There are of course certain situations that in microcosm appear worth focusing on. If you are a material sciences researcher, it might be more important to read up on crystal structures than to study the work of Shakespeare. But this is a consequence of our society’s technical view; a material science researcher should only be focusing on material science — everything else is unnecessary. But in reality humans are multifaceted individuals who not only may be interested in multiple things, but they also interact with other people interested completely different things. Having a broad base of knowledge, or an unnecessarily deep knowledge of something niche, allows us to see new perspectives, but they also deepen human connection and makes us able to empathize with others.
Footnotes:
Or “frameworks”, ugh.
Both the Pareto principle and Nanda’s rule are observations of power laws, and are therefore roughly the same. The difference is merely in their application, and so there is some merit to using the same name. Nanda uses the word “Pareto principle” in wasted motion, but the original principle is about land ownership, not labour.

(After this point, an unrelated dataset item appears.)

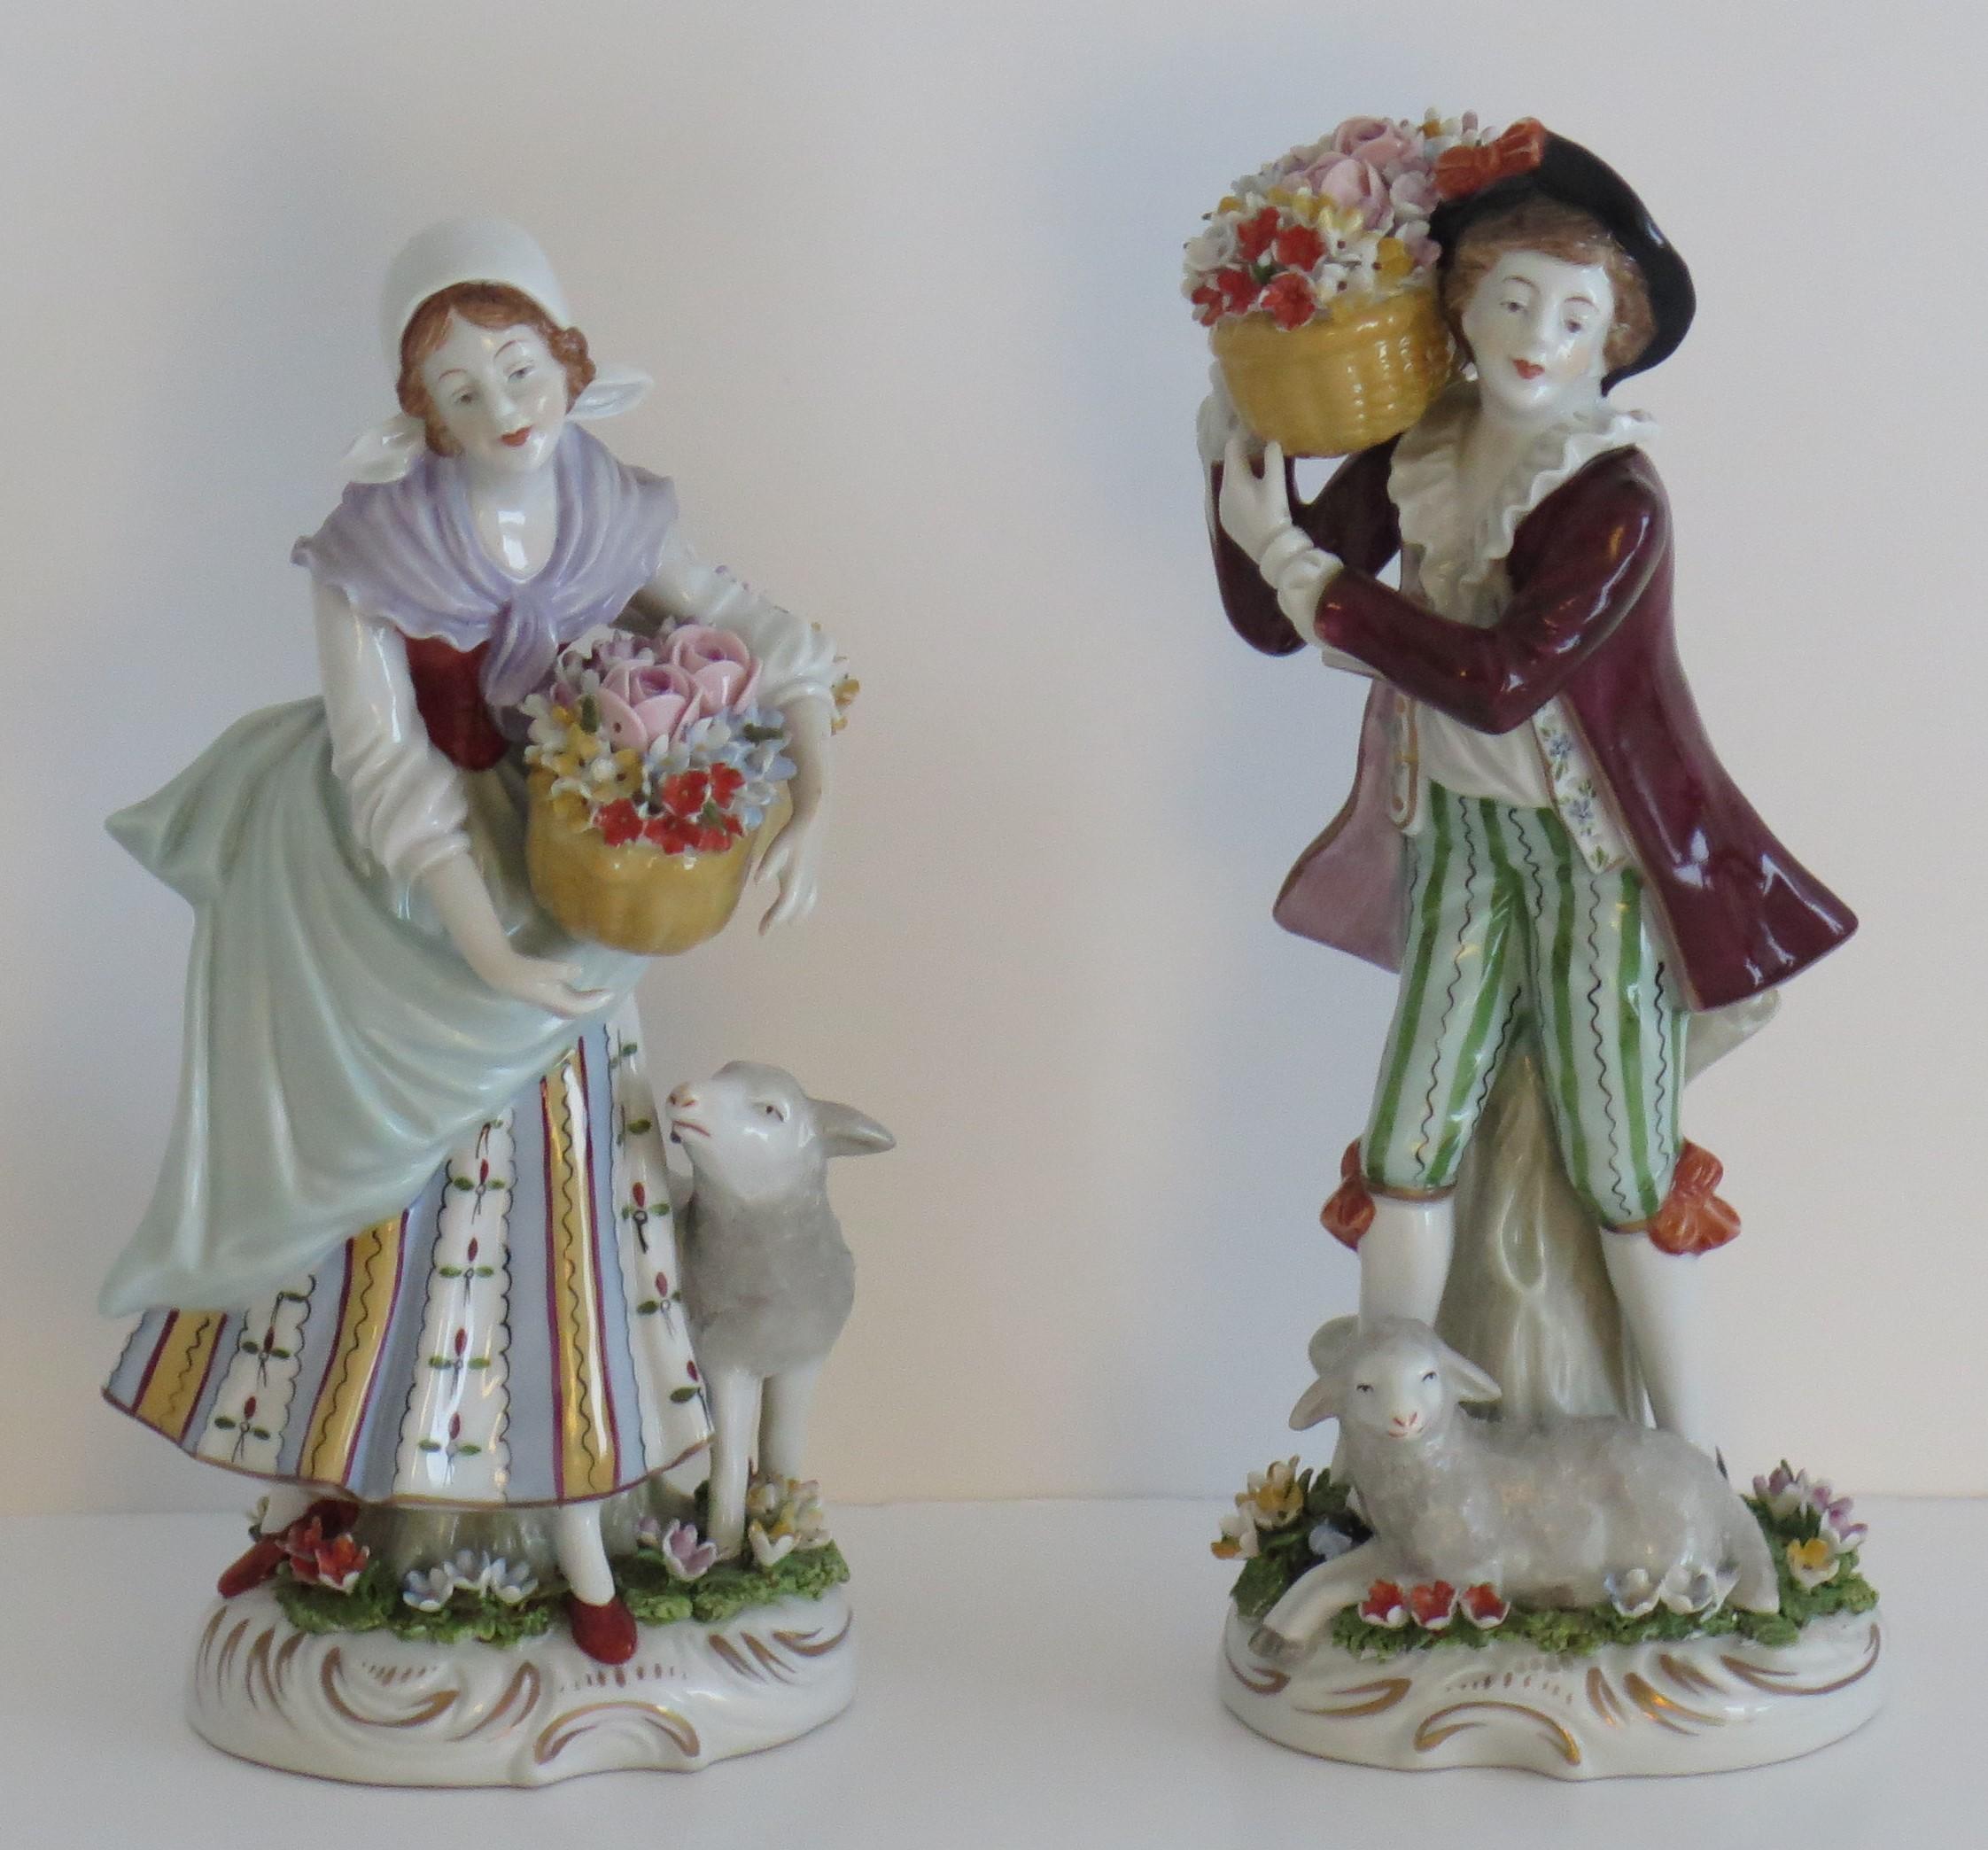 These are a beautiful PAIR of porcelain Figures or Figurines made by Sitzendorf, Germany, circa 1920.

The figures are finely modelled in very good detail. They depict two flower sellers with a young man and woman in traditional country dress

I remember having to perform derivations “by hand” for different functions, or combinations of functions, in high school. This was of course interesting, and interesting to have been taught, but it is not something that I retain for very long once I learned to the much simpler rules for different function categories. Similarly I have no interest in memorising digits of \(\pi\) or \(e\) because I do not see the practical application in it.